# HMV boxed set 19th century masterpieces



## Mr Dull (Mar 14, 2009)

I have the 20th century masterpieces boxed set and like it so when I saw this set and looked at the track listing http://www.emiclassics.co.uk/release.php?id=5099969831720 which seemed an interesting mix I decided to get it.

This is not just a set of CDs with a selection of pieces someone decided are master works but a themed set. The CDs are in chronological order which allows you to follow the changes from the classical style to the romantic. Nationalism also appears during the century. You also get the first hints new styles appearing at the end of the century. The set also has a theme based upon the rise of the virtuoso player. You can find some topics covered by individual discs others threaded through the set or both. The set also often has deliberate contrasts in the music on the disks. For instance CD 8 which has music by Berwald, Chopin and Schumann finishes with the Radetzky march. CD 10 has Liszt's Mephisto waltz followed by four pieces by Gottschalk.
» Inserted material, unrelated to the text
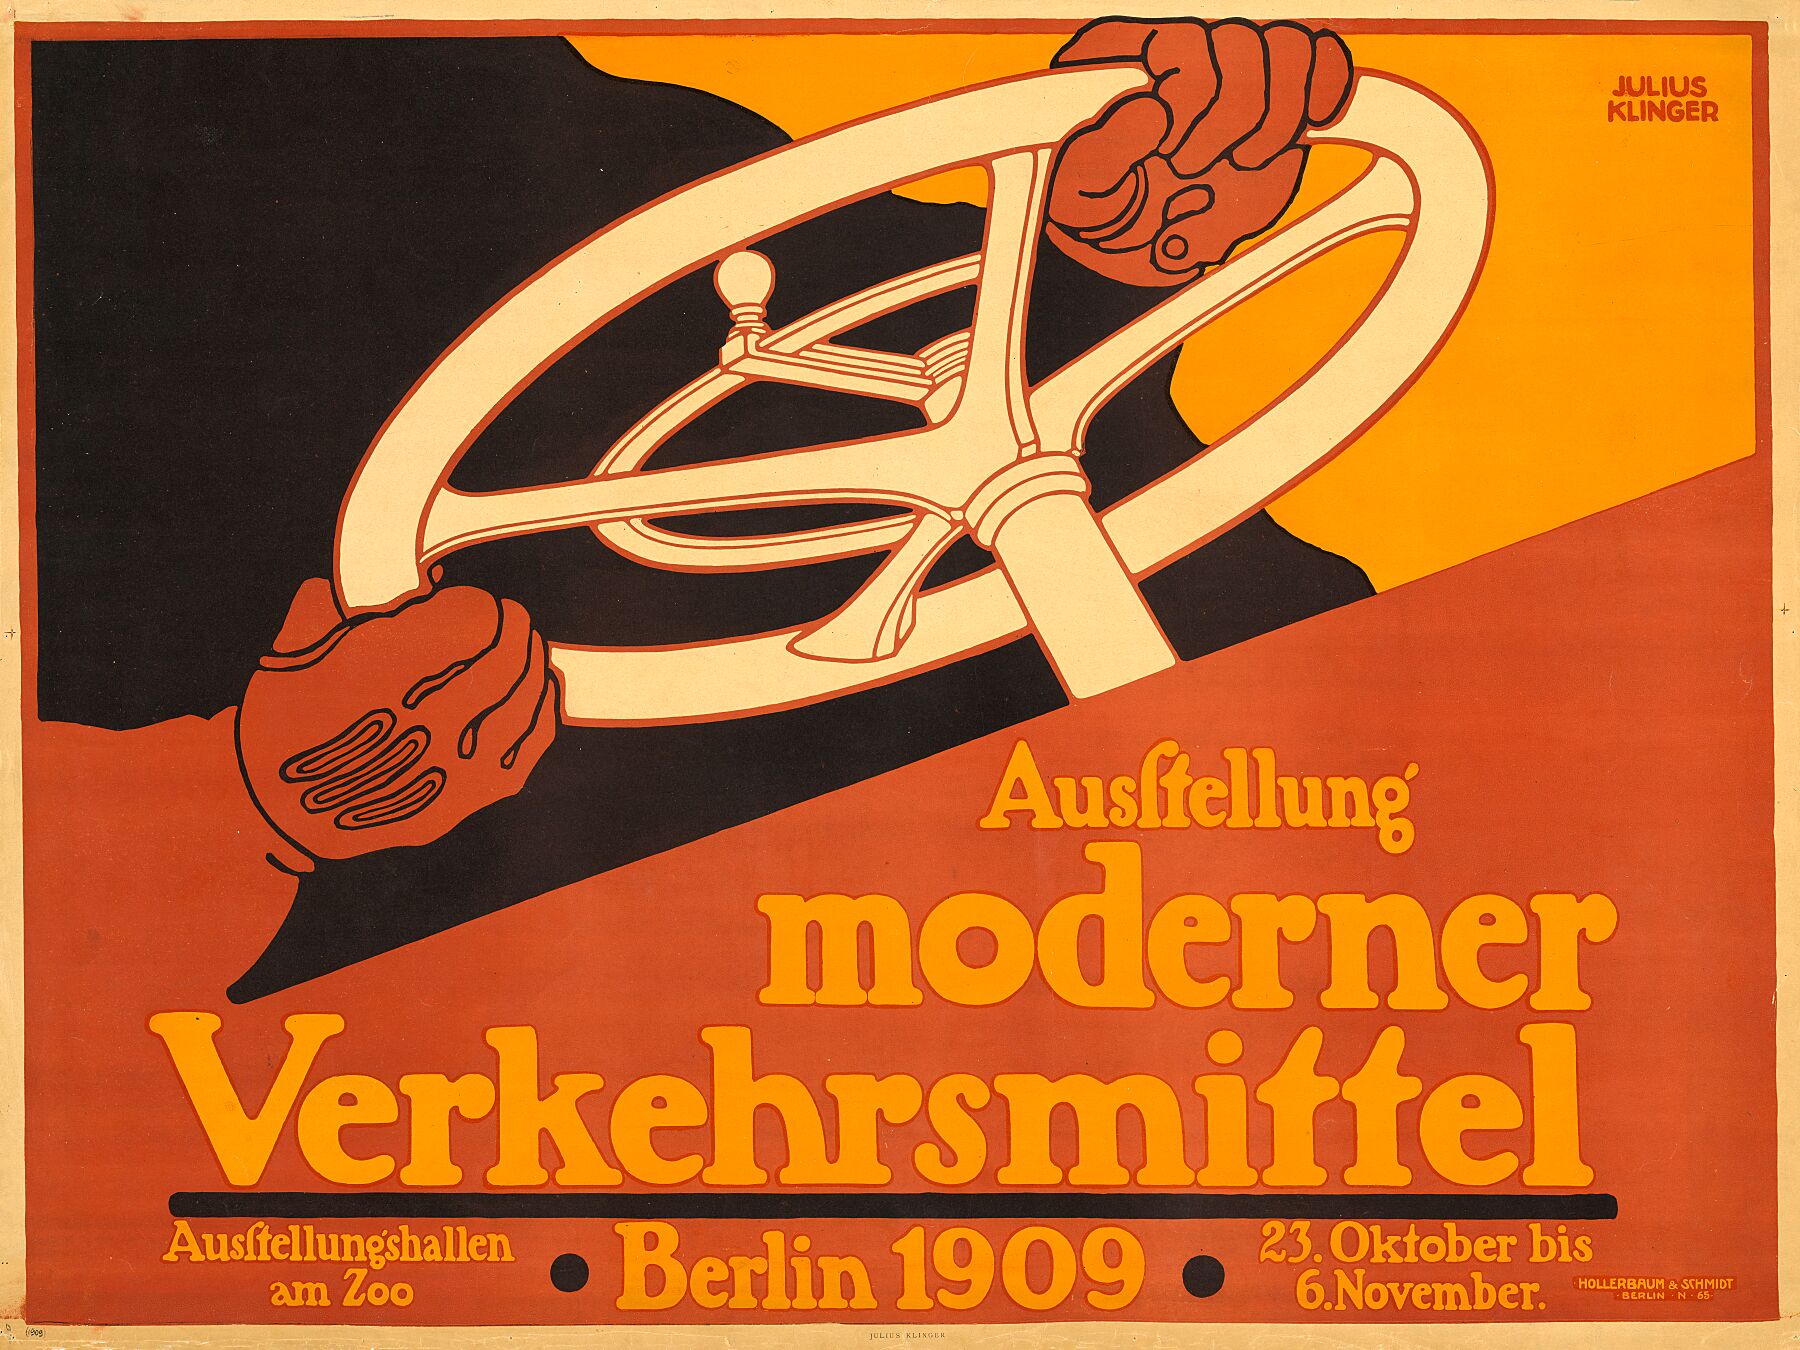 Ausstellung moderner Verkehrsmittel by Julius Klinger - 1909
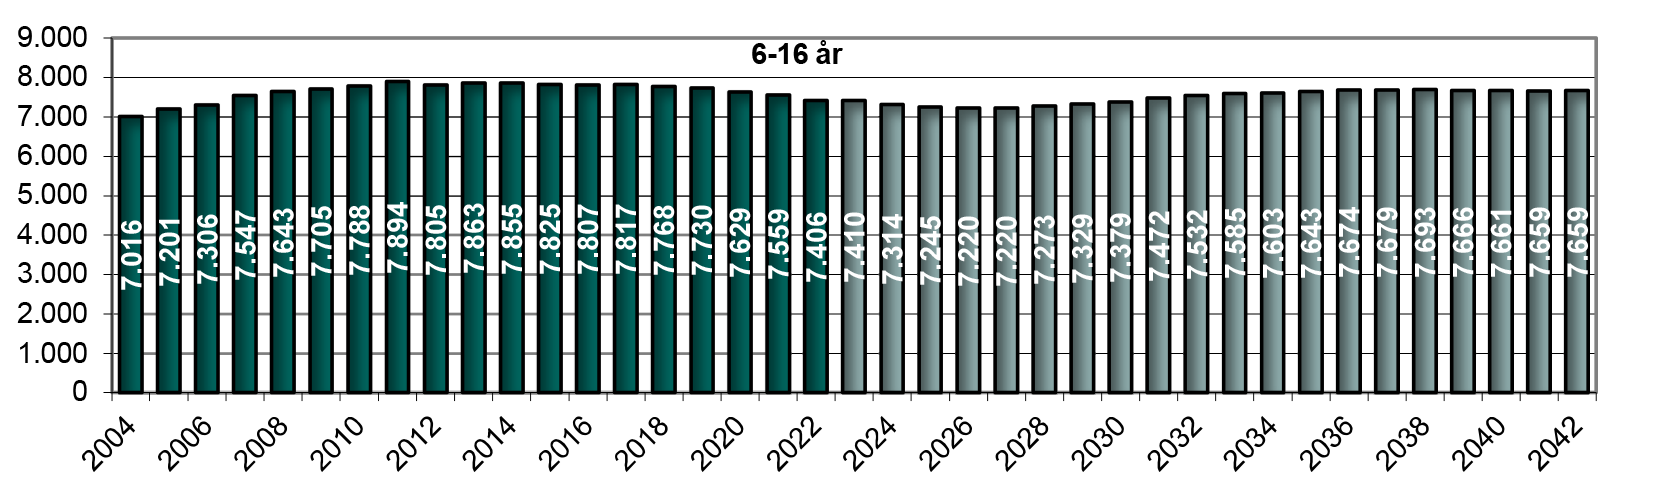 Figur 7. Hidtidig og forventet antal 6-16 årige (1. januar)

In both cases music by virtuoso pianists but it would difficult to find a bigger contrast in the styles. All of this makes for an interesting listening experience.

The set does have its faults however. It has excerpts rather than whole pieces in some cases. This is partly due to the inclusion of opera but some instrumental pieces are also extracts. In the case of operas the overture (which this set has several) plus an illustrative song/aria or two would have been better rather than part of an act. Another puzzle is why a symphony by a minor composer is included in a set of masterpieces. The symphony by Arriaga is included and after listening to it a couple of times it doesn't seem anything other than average to me. I would much rather they had included Widors organ symphony No5 of Sibelius Lemminkainen suite in full instead.

Despite its faults this is a good set to have and has been a good reintroduction to the romantic period for me. Thanks to this set I have 'found' Sphor's double quartet in D minor and Gottschalk. I have also heard some Wolf lieder that makes me want to listen to them again. It has also extended my knowledge and appreciation of Berwalds music. For some one who is not a fan of the romantic period it has been a surprisingly enjoyable experience.


----------